Loire

Loire Valley

The Loire is France’s longest river, flowing east to west and eventually into the Atlantic Ocean.  Like its character, its wines vary enormously, from Sauvignon in the upstream reaches to sweet, dry, and sparkling Chenin and reds from Cabernet Franc in the middle, to huge quantities of Muscadet as it nears the ocean.  Not all its wines have the same cachet as those from Burgundy to the east and Bordeaux to the Southwest, but the prices are generally excellent and the quality seems to improve every year.  Without a doubt, the Loire is a region on the rise.

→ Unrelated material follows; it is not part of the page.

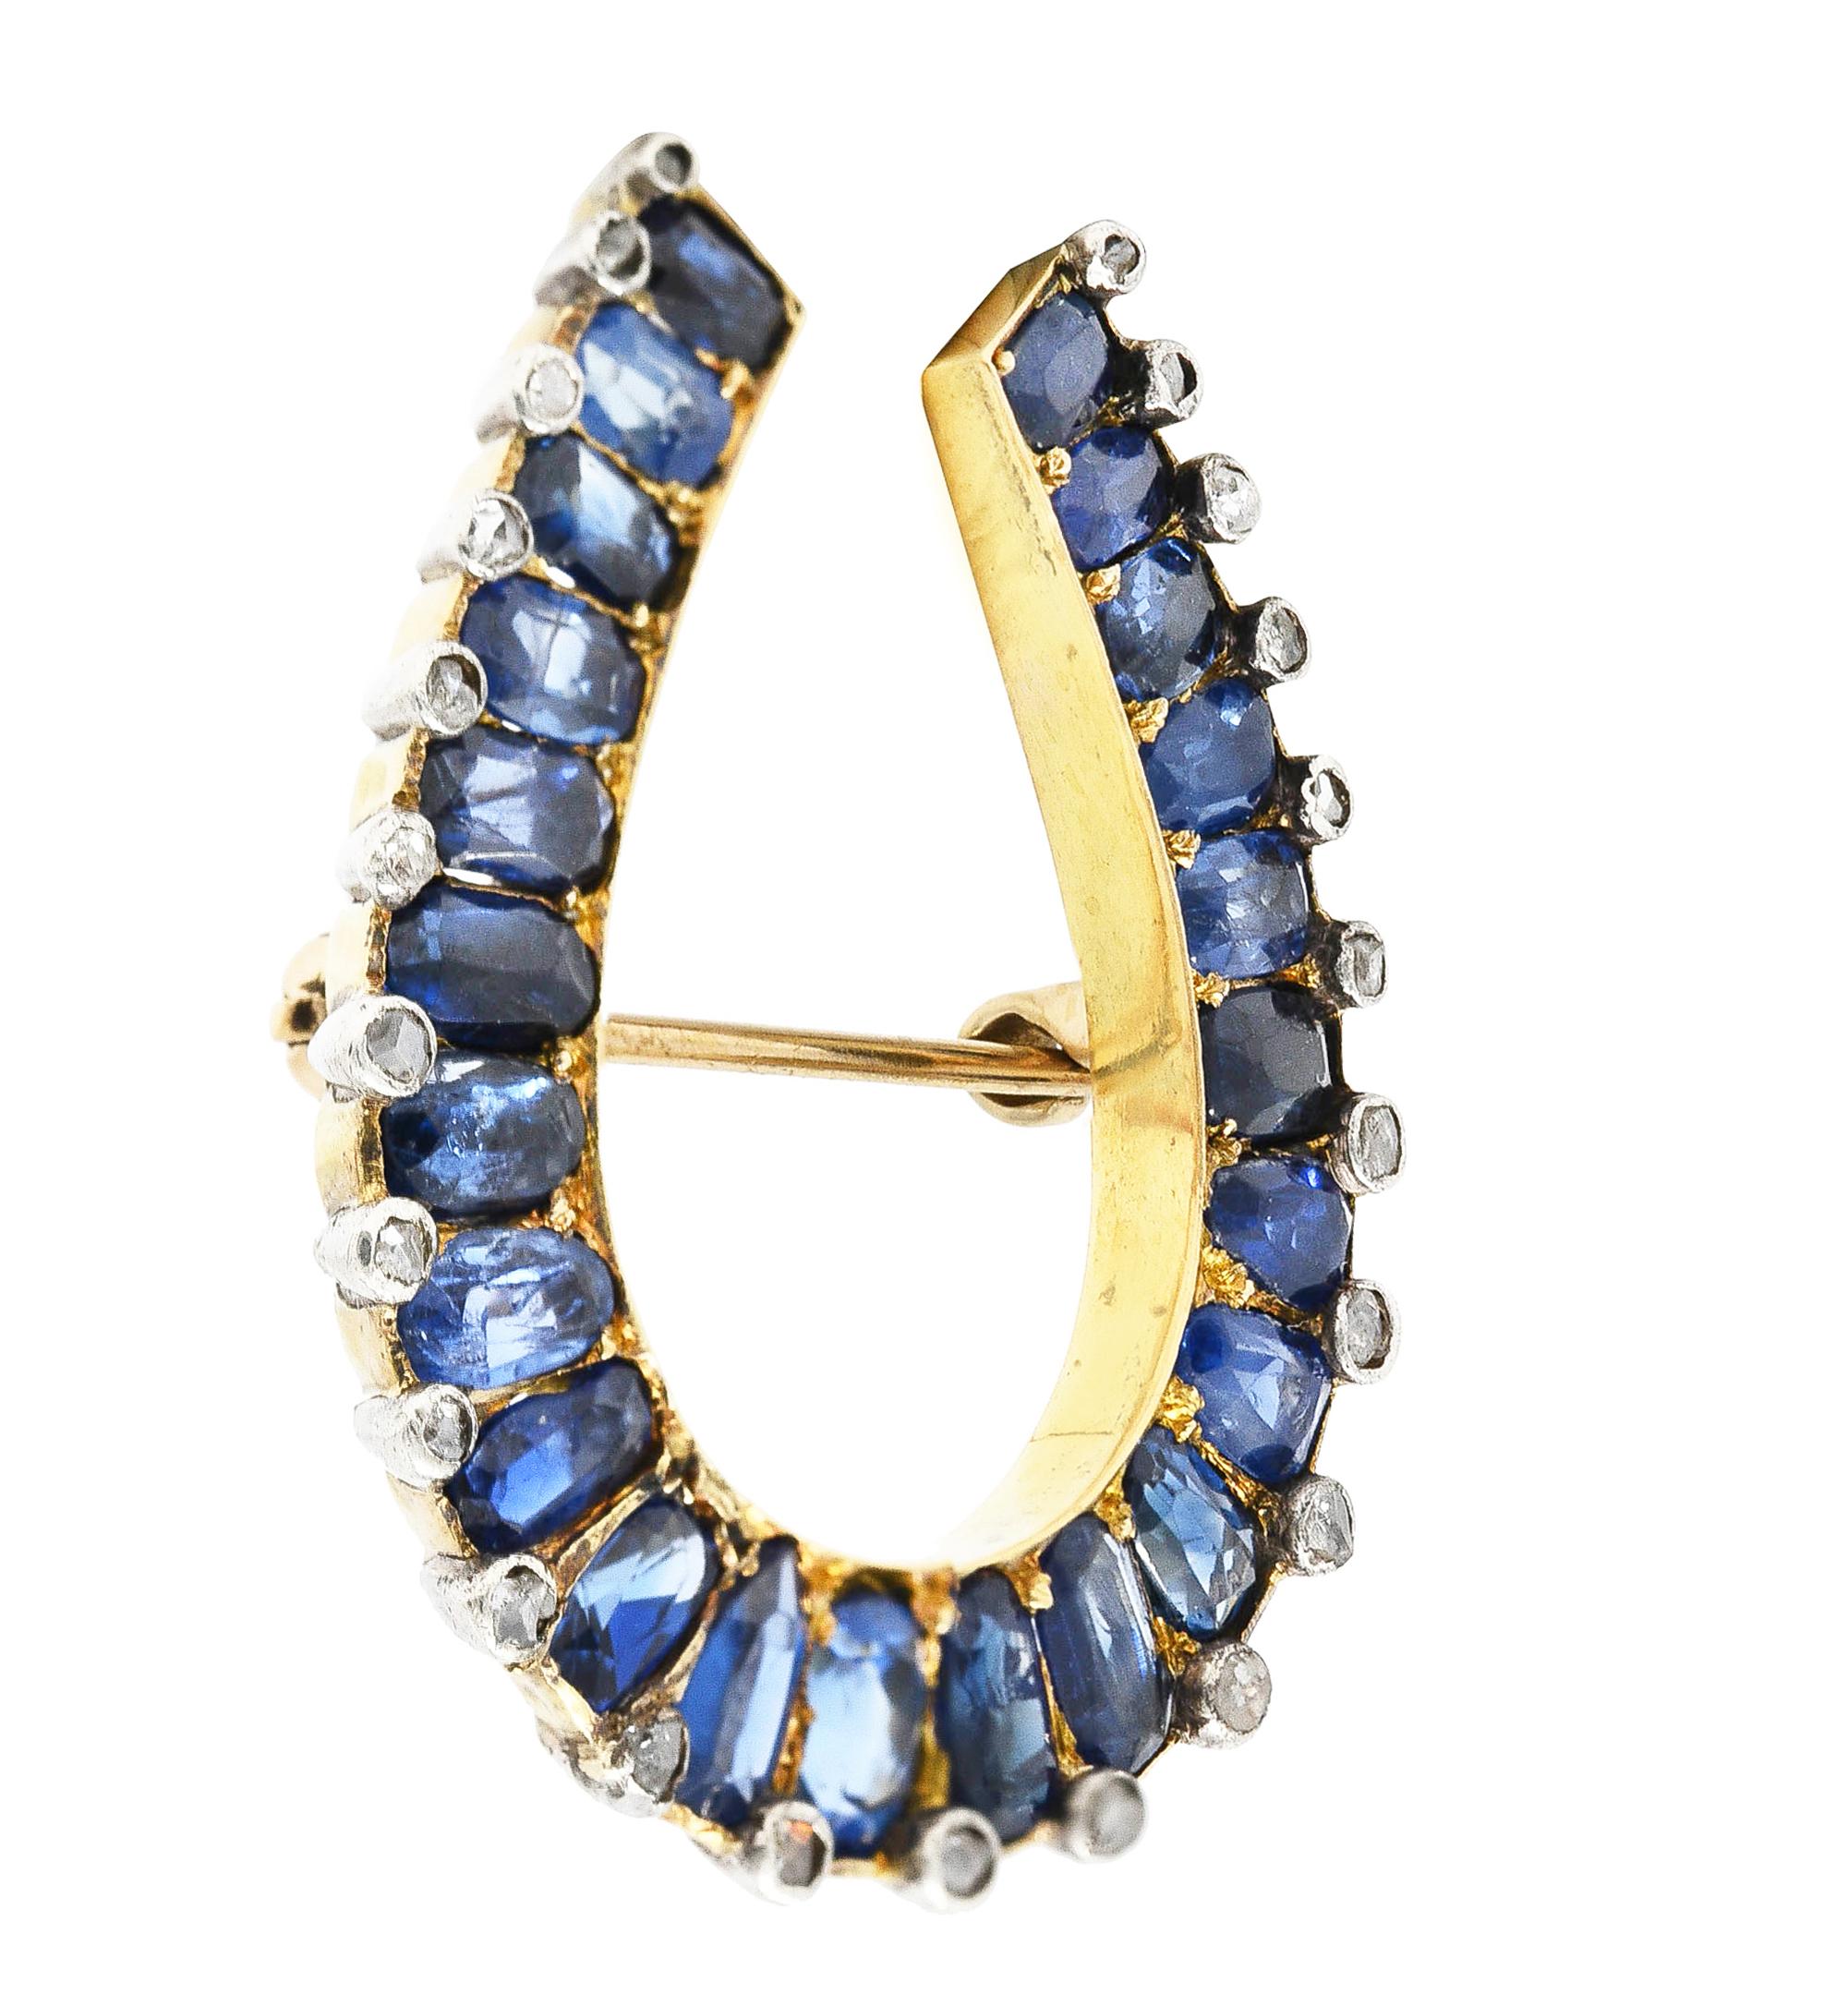 Designed as a horseshoe form with mixed oval cut sapphires bead set around. Weighing approximately 6.38 carats - transparent light to medium blue in color. Accented by rose cut diamonds set in silver bezels and weighing approximately 0.36 carat
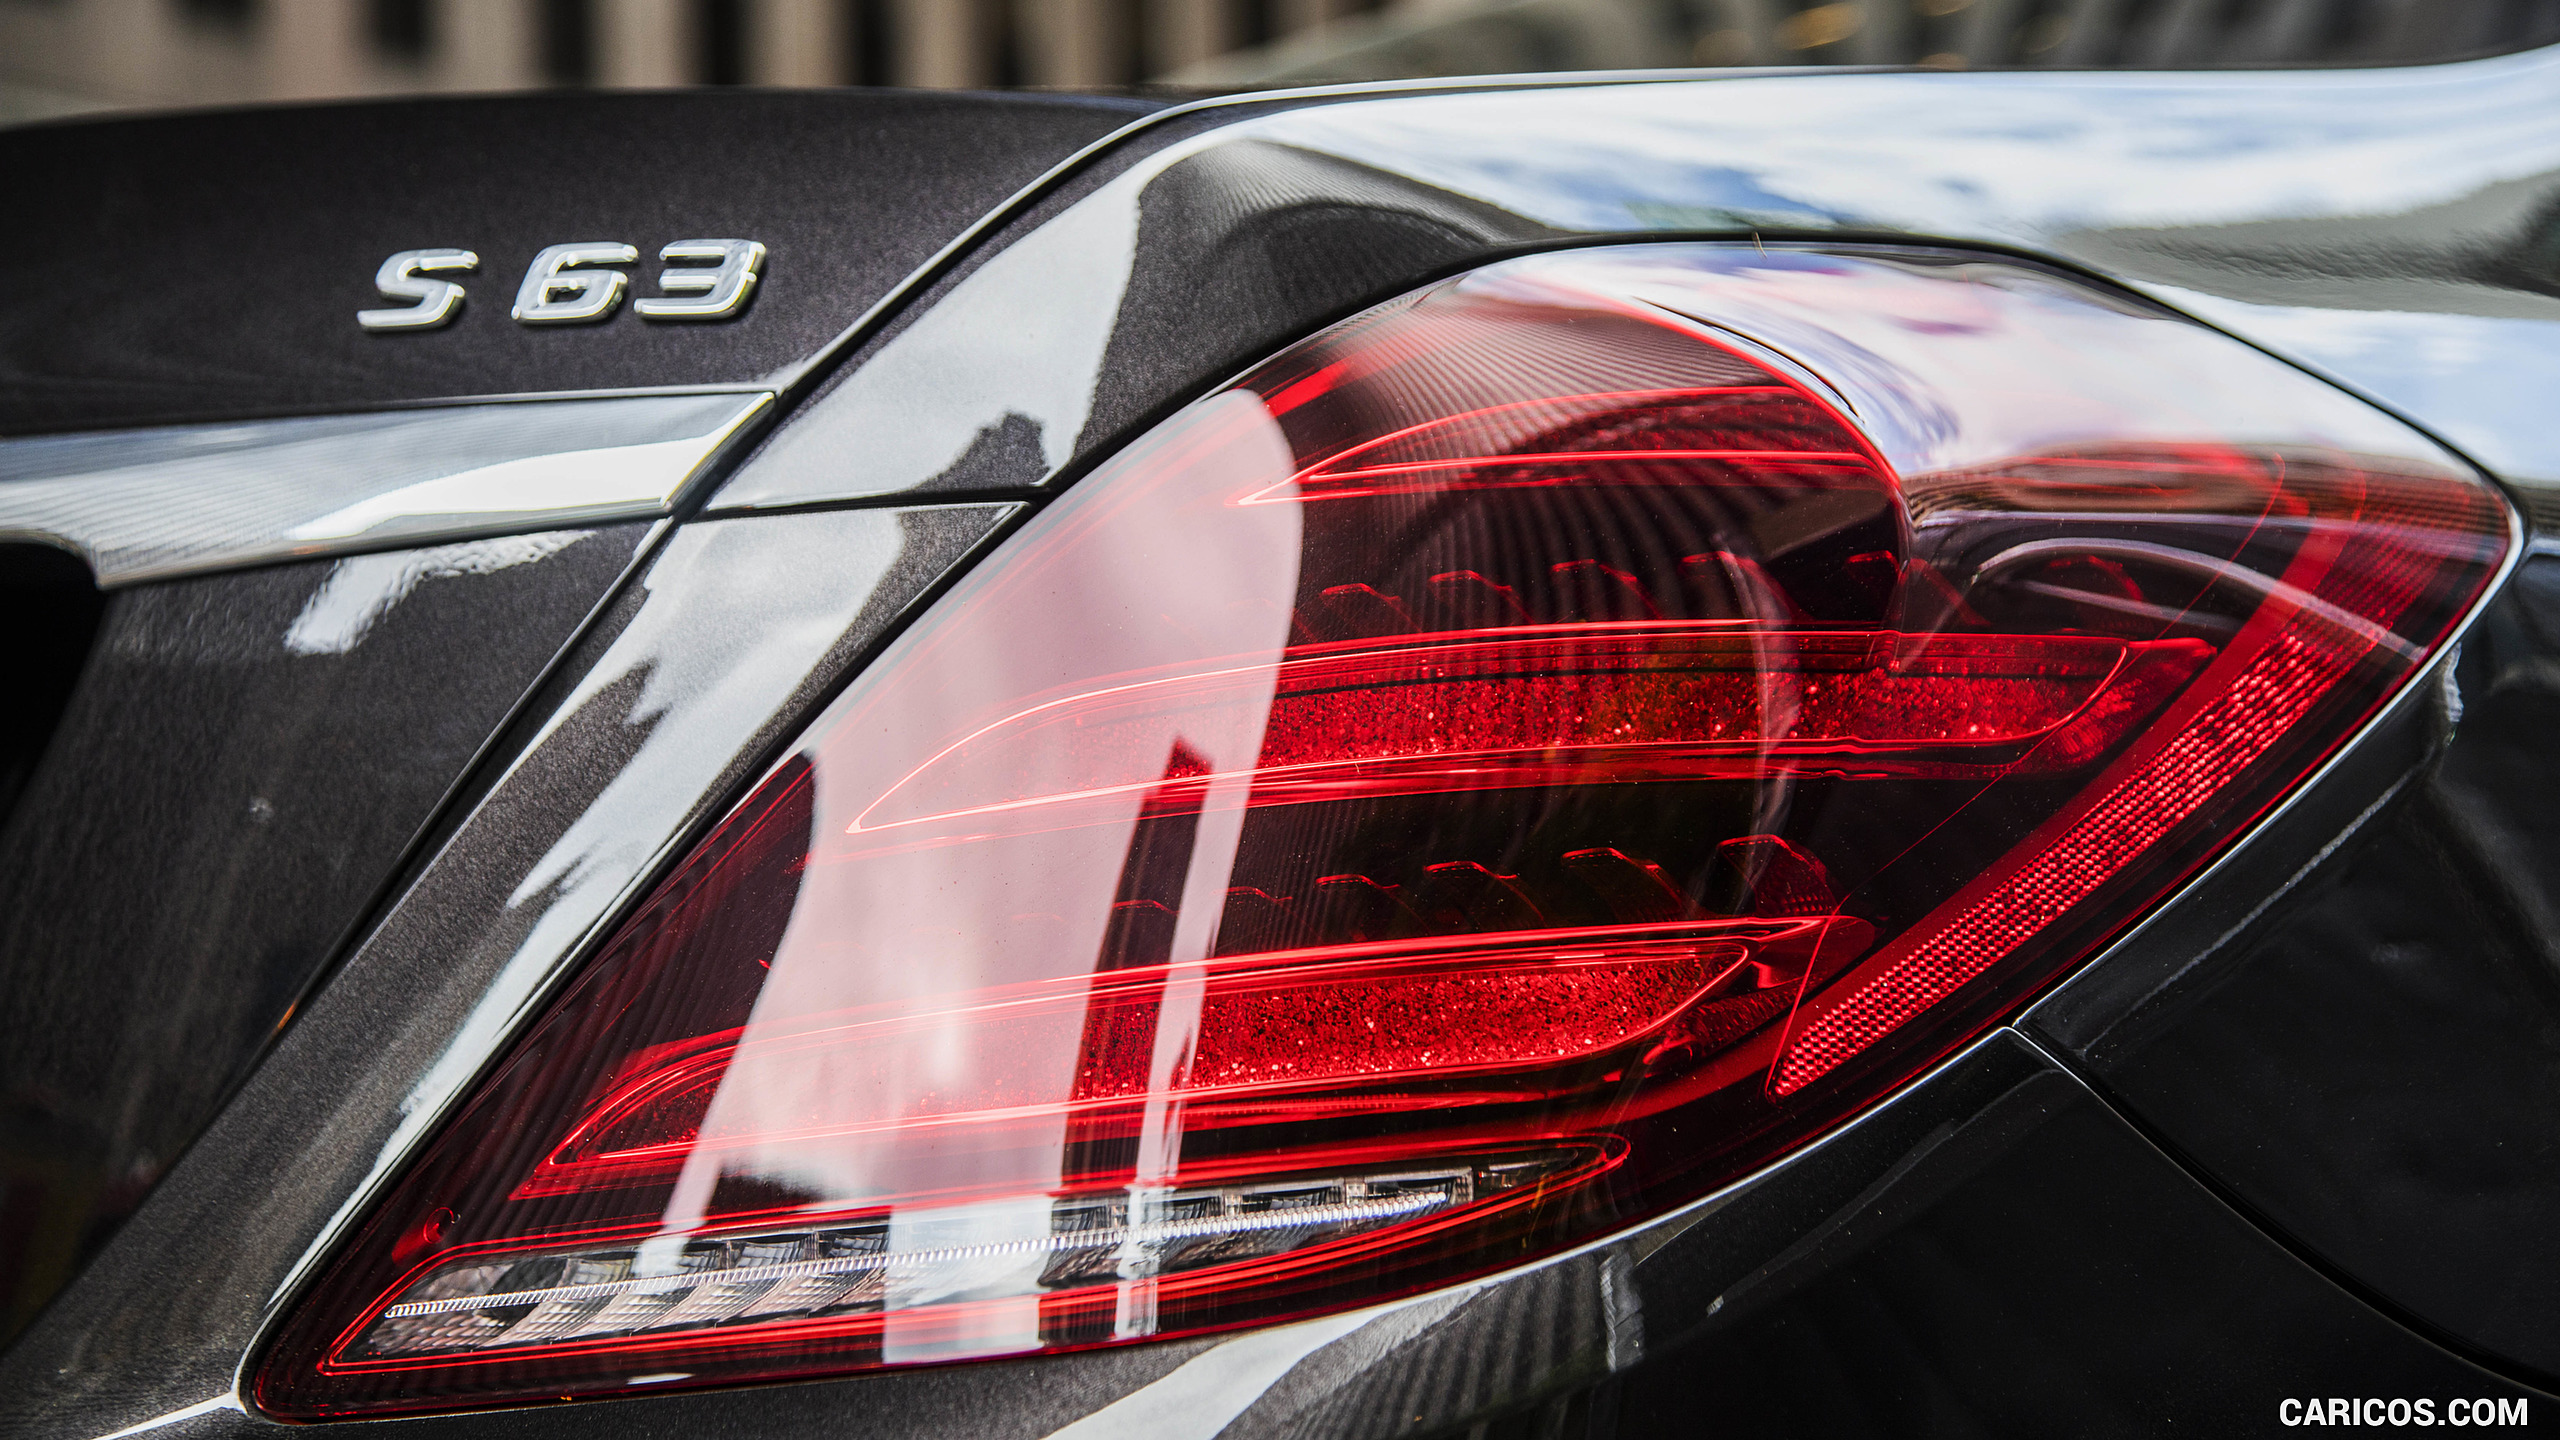 2018 Mercedes-AMG S63 - Tail Light, #97 of 100

Sancerre and Pouilly-Fumé produce France’s (and likely the world’s) best Sauvignon blanc along the upstream reaches of the river.  The wine is racy and bright here, with a range from bone dry in Sancerre to a touch rounder in neighboring Pouilly Fumé. The fruit predominates and grassiness recedes.  Down the river a bit are reds with Cabernet Franc as the sole or principal grape — a considerable distance both physically and stylistically from Bordeaux, where it plays second fiddle.  We favor Chinon, the most drinkable of the reds in this area. As one nears the mouth the grape changes to Melon de Bourgogne and the appellation to Muscadet.  This wine combines the fruit of honeydew melon with the salinity of the ocean. Here we work with a producer of Cru Muscadet, an extra-intense, age-worthy version of this delicious accompaniment to seafood.

Winemakers

  • Domaine Demois

    Chinon

    Fabien Demois is better known since our last visit a few years ago. Now certified organic and receiving acclaim from several French wine publications, Demois has created a cuvée from his old vines.

  • Frederic Michot

    Pouilly-Fumé

    Michot’s old-vine Pouilly-Fumé is extraordinary. From vines planted in the 1940s — “juste après la guerre,” Madame put it — it was a pure Sauvignon Blanc, of unusual intensity and depth.

  • Martin-Luneau

    Muscadet

    Muscadet recently elevated three areas to “Cru Communal,” adding aging requirements and geographic restrictions. The result is a new “upper class” of Muscadet, with a richer body and more complexity.